Nobody can doubt your love for your country. Whereas your opponent concentrated on lining up support from key special interest groups, your focus was more akin to the patriotic statesman than the opportunistic politician - it was so clear that you wanted to get our country back on track. As we can now see, that wasn’t to be.

What occurs to me is that, by losing the election, you might have been spared a cruel fate. If elected you would have inherited an economic mess… the looming fiscal cliff an d debt ceiling … Entitlement spending has mushroomed so that it - combined with interest on the nation’s debt - now consumes virtually every dollar of tax revenue… and everything in between, is being run on borrowed (or “punitively eased”) dollars.
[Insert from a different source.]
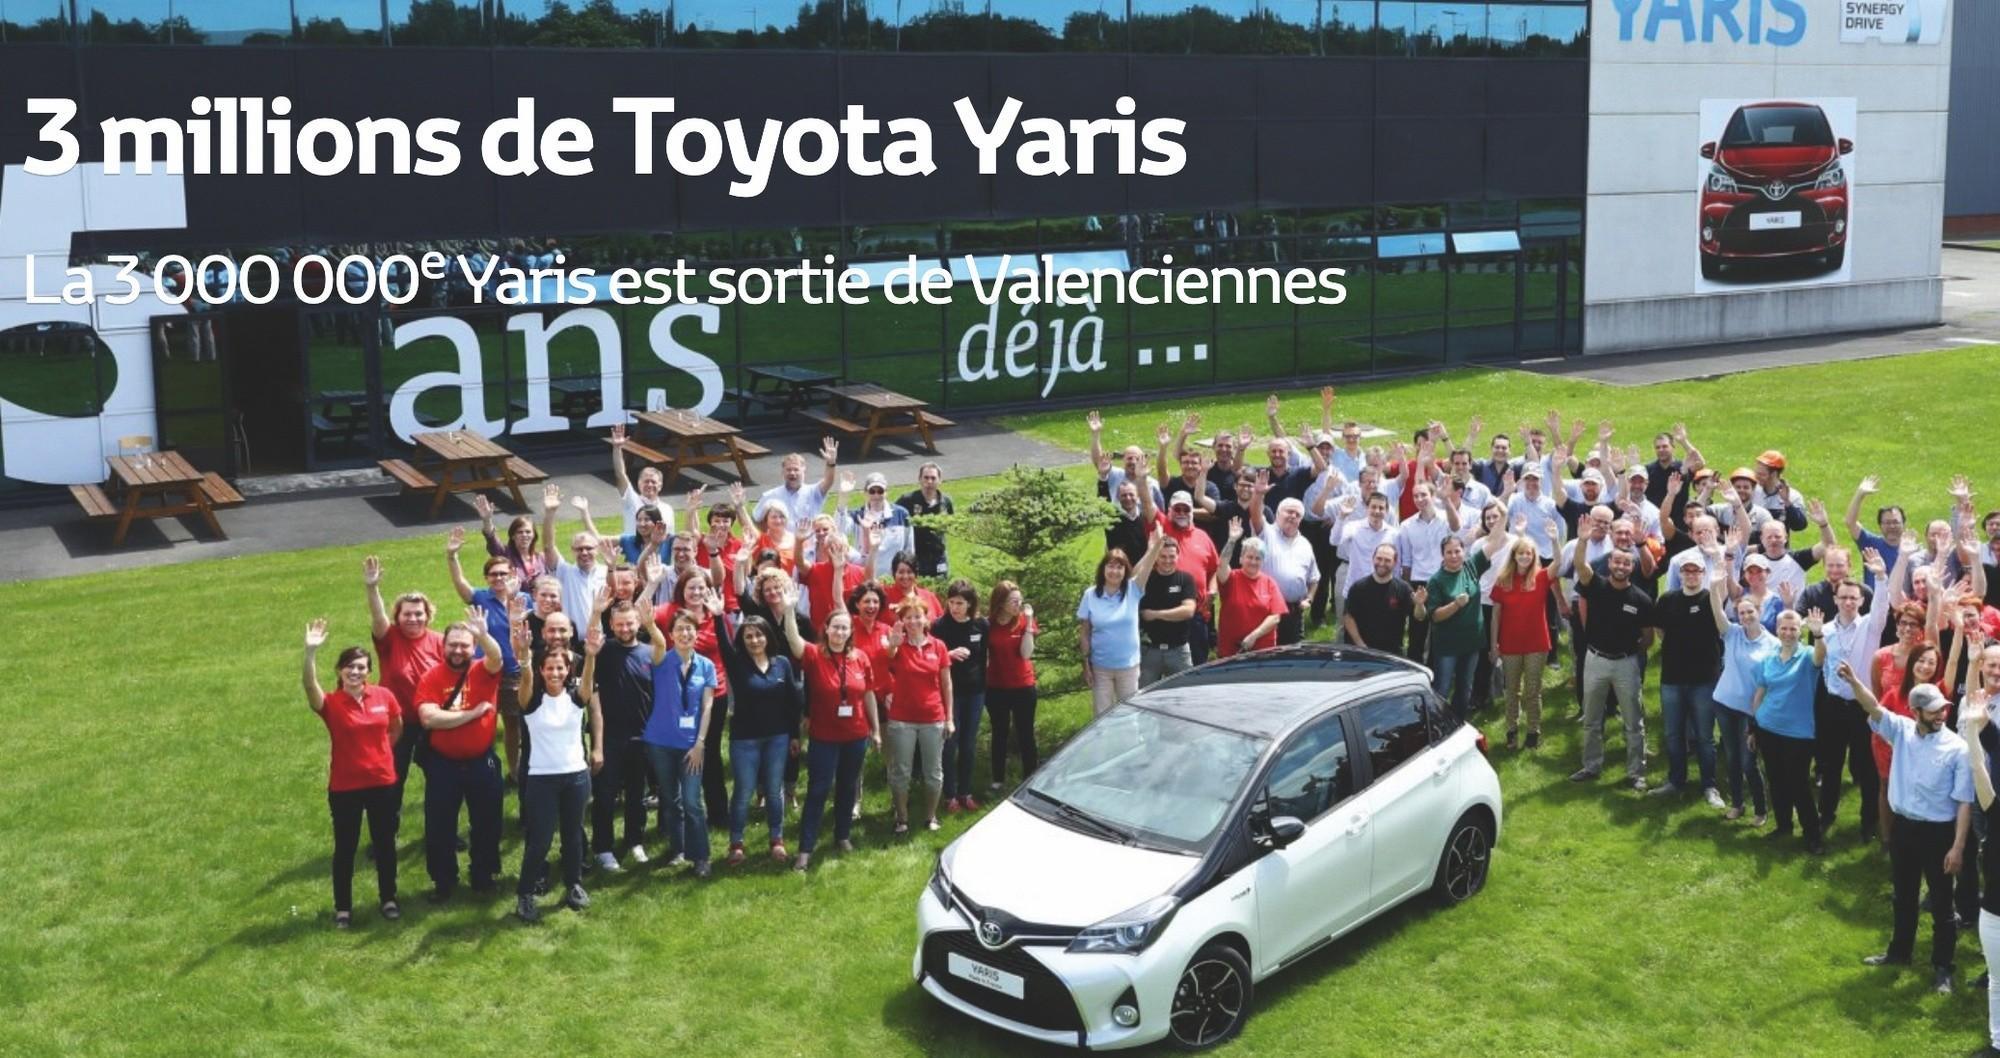 La Toyota Yaris est produite dans l'usine d'Onnaing, près de Valenciennes.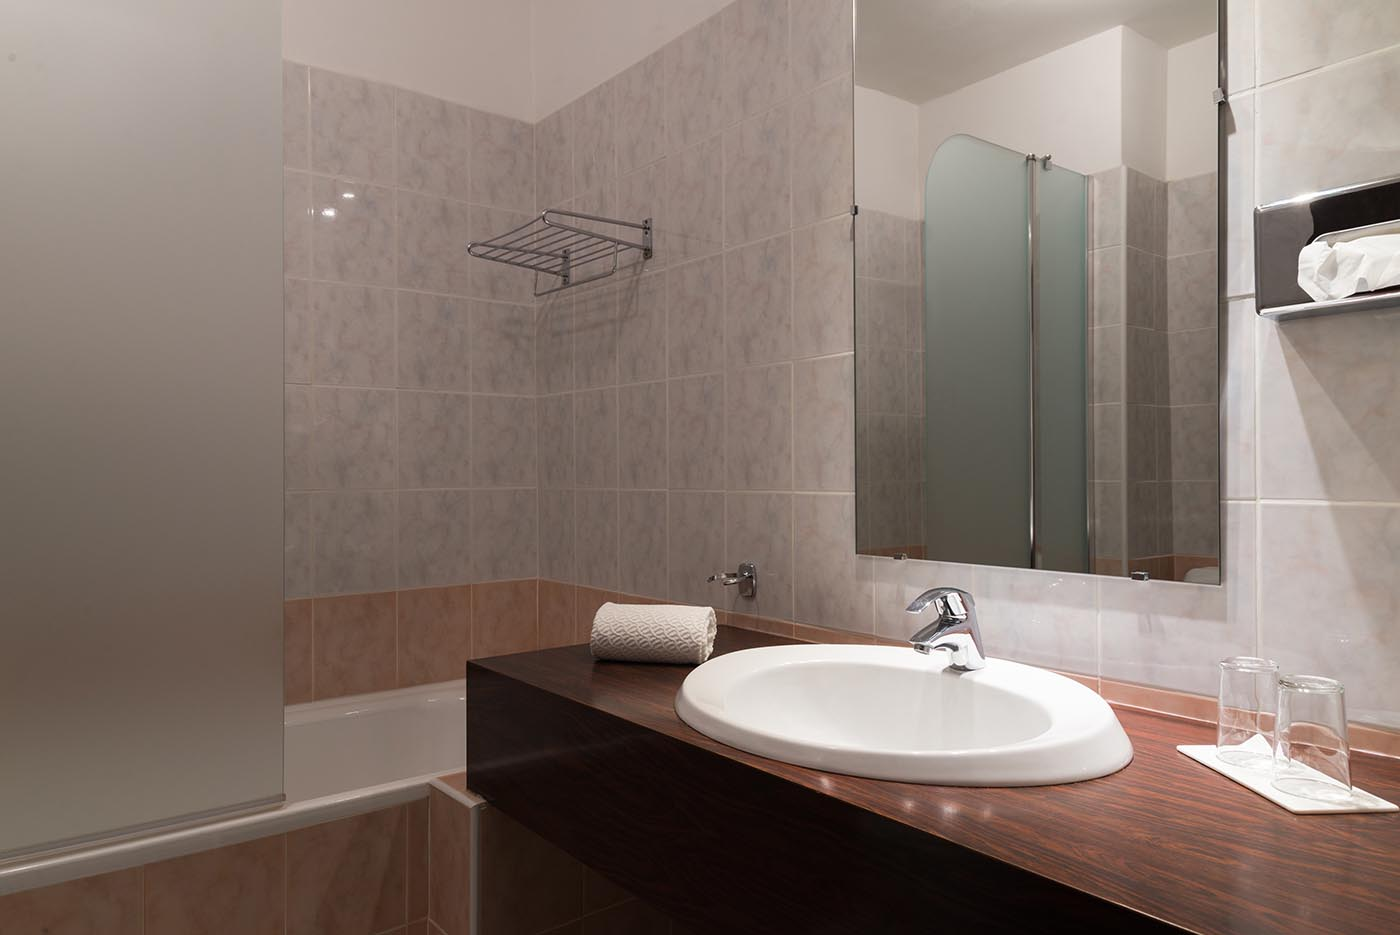 Salle de Bain des chambres grand confort de l'Hôtel Villa Borghese à Gréoux-les-Bains (04800)

No president could trim entitlement spending or shut down enough of the government to stanch the flood of red ink. Government indebtednesses will continue to balloon and our currency will continue to be debauched, … You might have tried by firing Ben Bernanke and replacing him with someone who would stop quantitative easing, but that would have caused interest rates to rise and the federal government to become insolvent, triggering a crisis that would have made you a vilified president.

The presidency at this juncture in history strikes me as an impossible job. Both domestic and foreign policy seem to be Gordian knots that no mere mortal can cut. I know, though, that you would have valiantly been willing to give your all in the attempt to help your country at this difficult time. Your path as president would have been as excruciating as those last 30 yards of that cross country race you ran so long ago, but you would have addressed the challenge with the same determination and commitment as you did then…You gave years of your life for the chance to be of service to your country, Mitt, and you lived by our school motto, “Aim High.” You did us proud.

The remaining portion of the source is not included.